▶ GIVEN INFORMATION

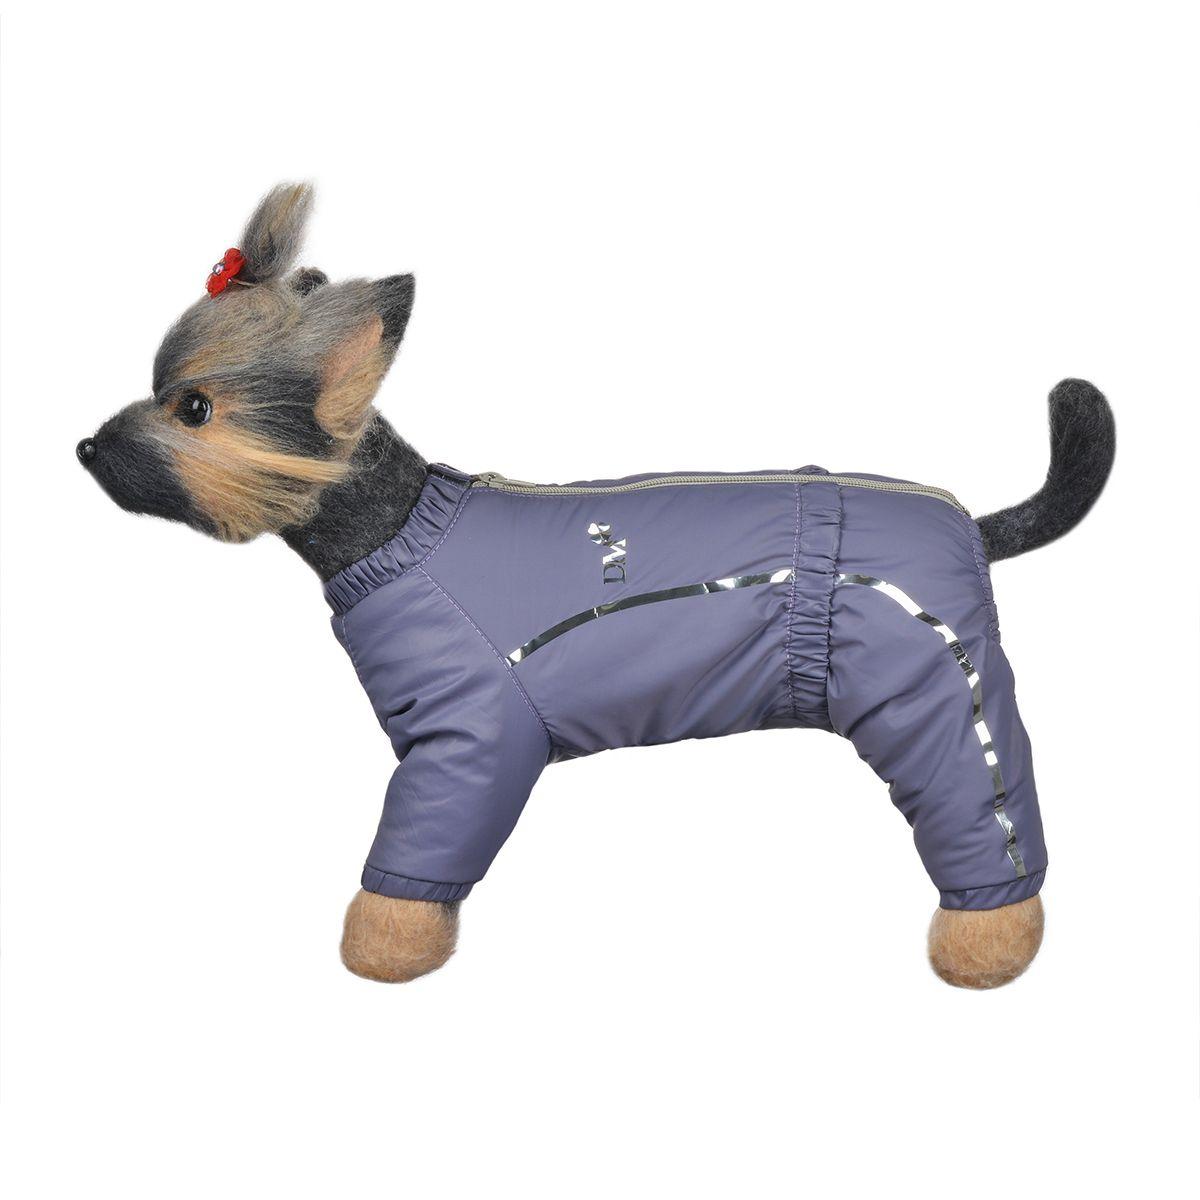 Комбинезон для собак Dogmoda Альпы, зимний, для девочки, цвет: фиолетовый, серый. Размер 2 (M)DM-150350-2Зимний комбинезон для собак Dogmoda Альпы отлично подойдет для прогулок в зимнее время года. Комбинезон изготовлен из полиэстера, защищающего от ветра и снега, с утеплителем из синтепона, который сохранит тепло даже в сильные морозы, а на подкладке используется искусственный мех, который обеспечивает отличный воздухообмен. Комбинезон застегивается на молнию и липучку, благодаря чему его легко надевать и снимать. Ворот, низ рукавов и брючин оснащены внутренними резинками, которые мягко обхватывают шею и лапки, не позволяя просачиваться холодному воздуху. На пояснице имеется внутренняя резинка. Изделие декорировано серебристыми полосками и надписью DM.Благодаря такому комбинезону простуда не грозит вашему питомцу и он сможет испытать не сравнимое удовольствие от снежных игр и забав.Одежда для собак: нужна ли она и как её выбрать. Статья OZON Гид
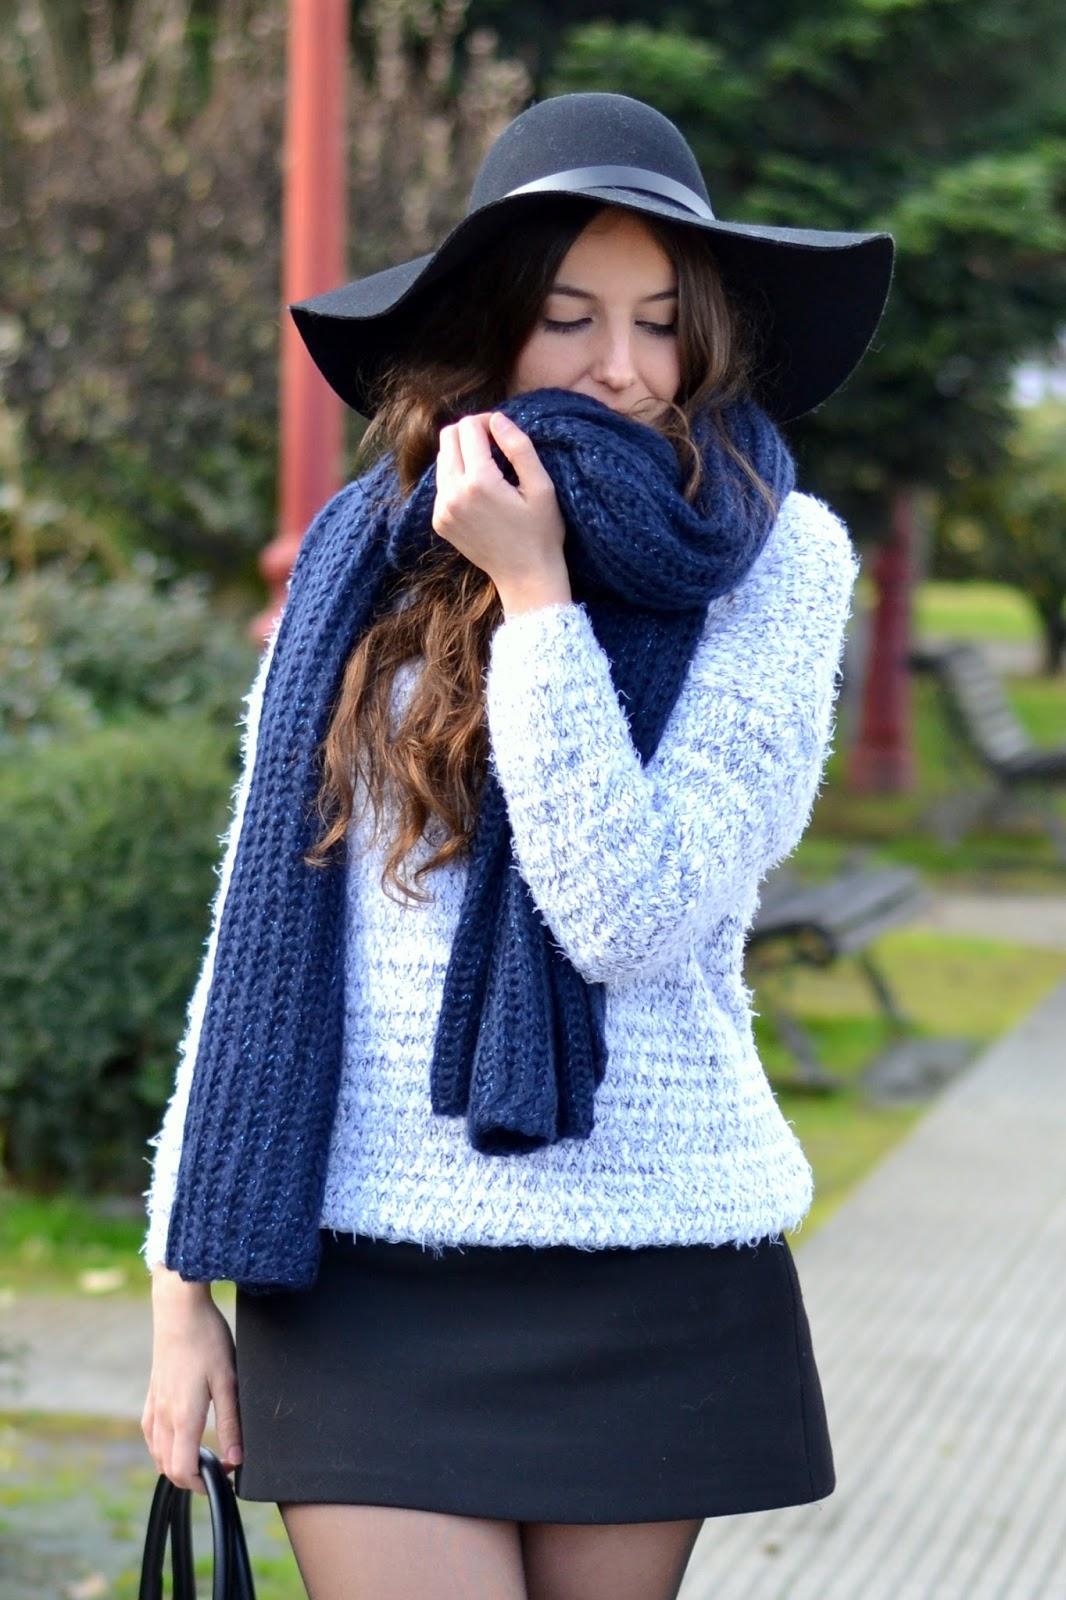 blue scarf adolfo dominguez, fuzzy sweater
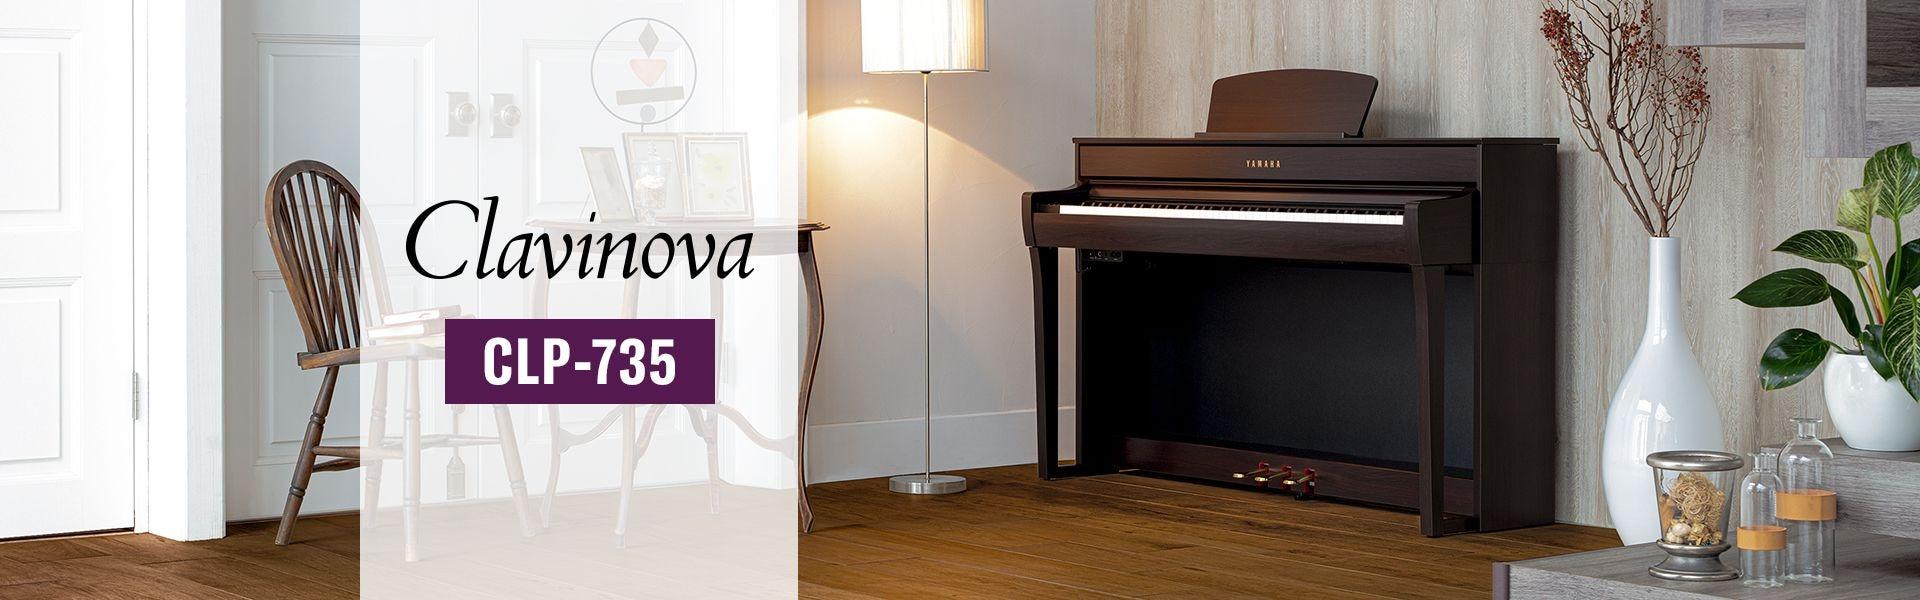 Yamaha Clavinova CLP-735
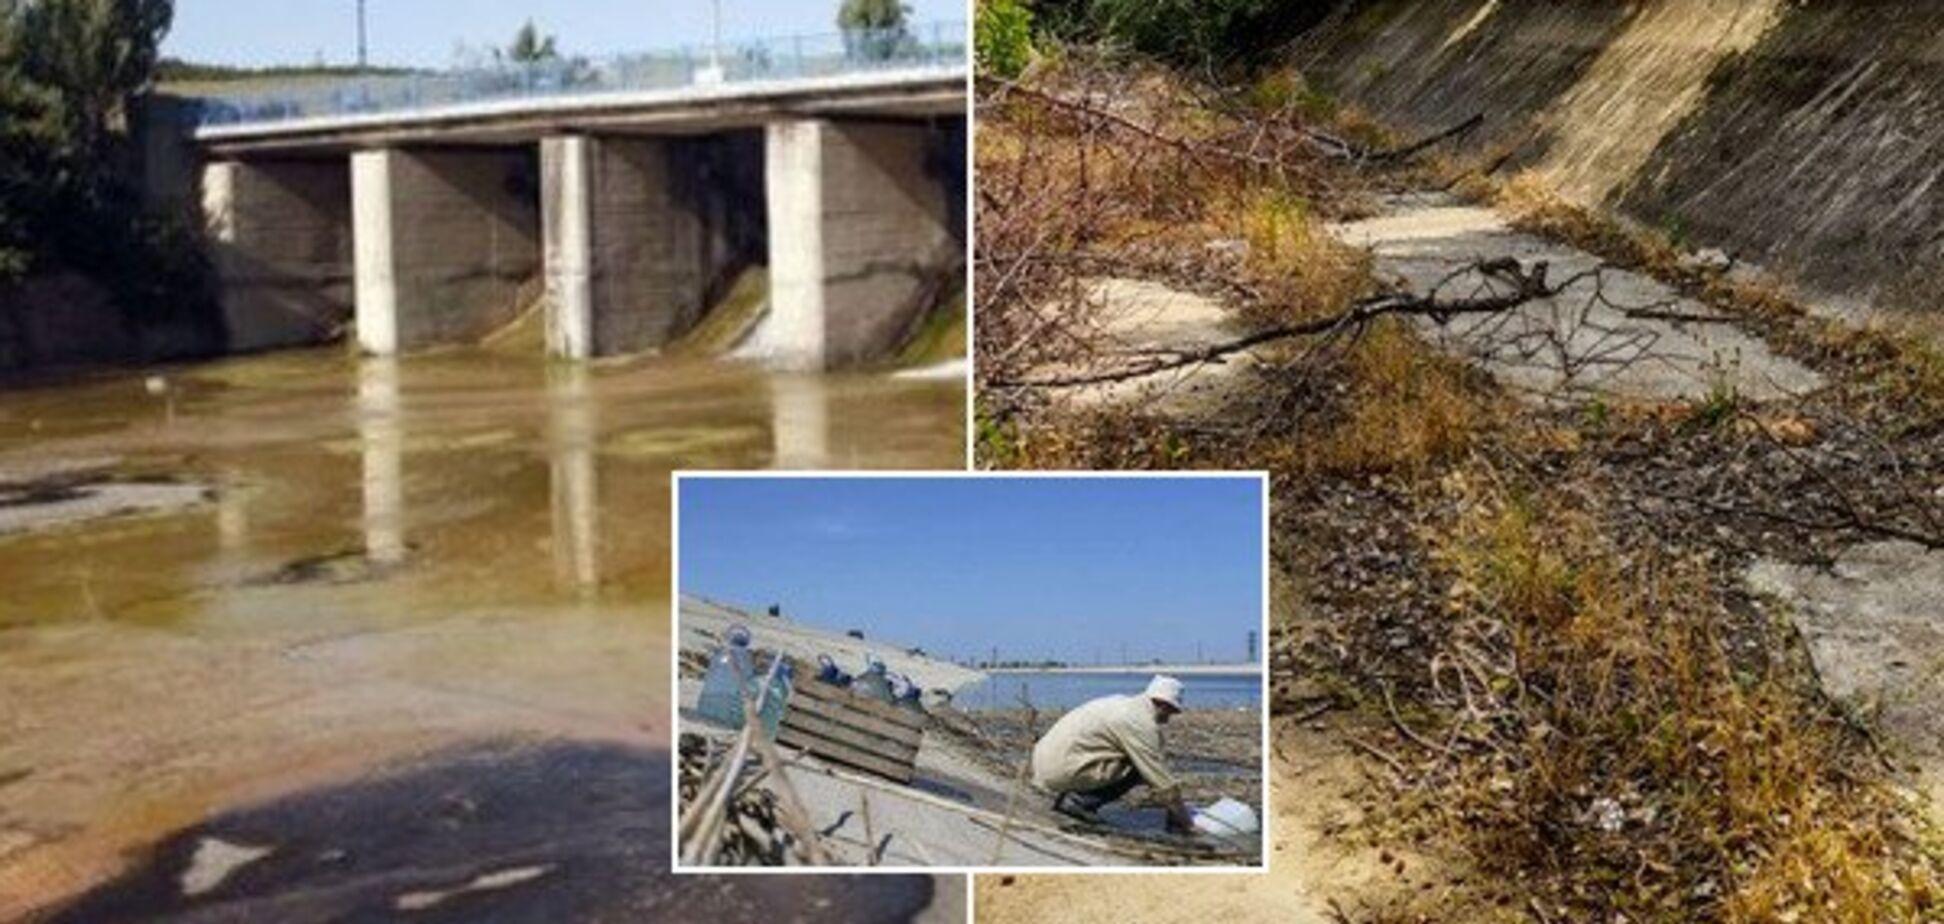 Люди залишають будинки, вода отруєна. У Крим прийшла нова біда

▶ WHAT IS BEING ASKED
Leave the pictures out and transcribe the remaining material exactly.

▶ ANSWER TO THIS EXERCISE
 Комбинезон для собак Dogmoda Альпы, зимний, для девочки, цвет: фиолетовый, серый. Размер 2 (M)DM-150350-2Зимний комбинезон для собак Dogmoda Альпы отлично подойдет для прогулок в зимнее время года. Комбинезон изготовлен из полиэстера, защищающего от ветра и снега, с утеплителем из синтепона, который сохранит тепло даже в сильные морозы, а на подкладке используется искусственный мех, который обеспечивает отличный воздухообмен. Комбинезон застегивается на молнию и липучку, благодаря чему его легко надевать и снимать. Ворот, низ рукавов и брючин оснащены внутренними резинками, которые мягко обхватывают шею и лапки, не позволяя просачиваться холодному воздуху. На пояснице имеется внутренняя резинка. Изделие декорировано серебристыми полосками и надписью DM.Благодаря такому комбинезону простуда не грозит вашему питомцу и он сможет испытать не сравнимое удовольствие от снежных игр и забав.Одежда для собак: нужна ли она и как её выбрать. Статья OZON Гид
 blue scarf adolfo dominguez, fuzzy sweater
 Yamaha Clavinova CLP-735
 Люди залишають будинки, вода отруєна. У Крим прийшла нова біда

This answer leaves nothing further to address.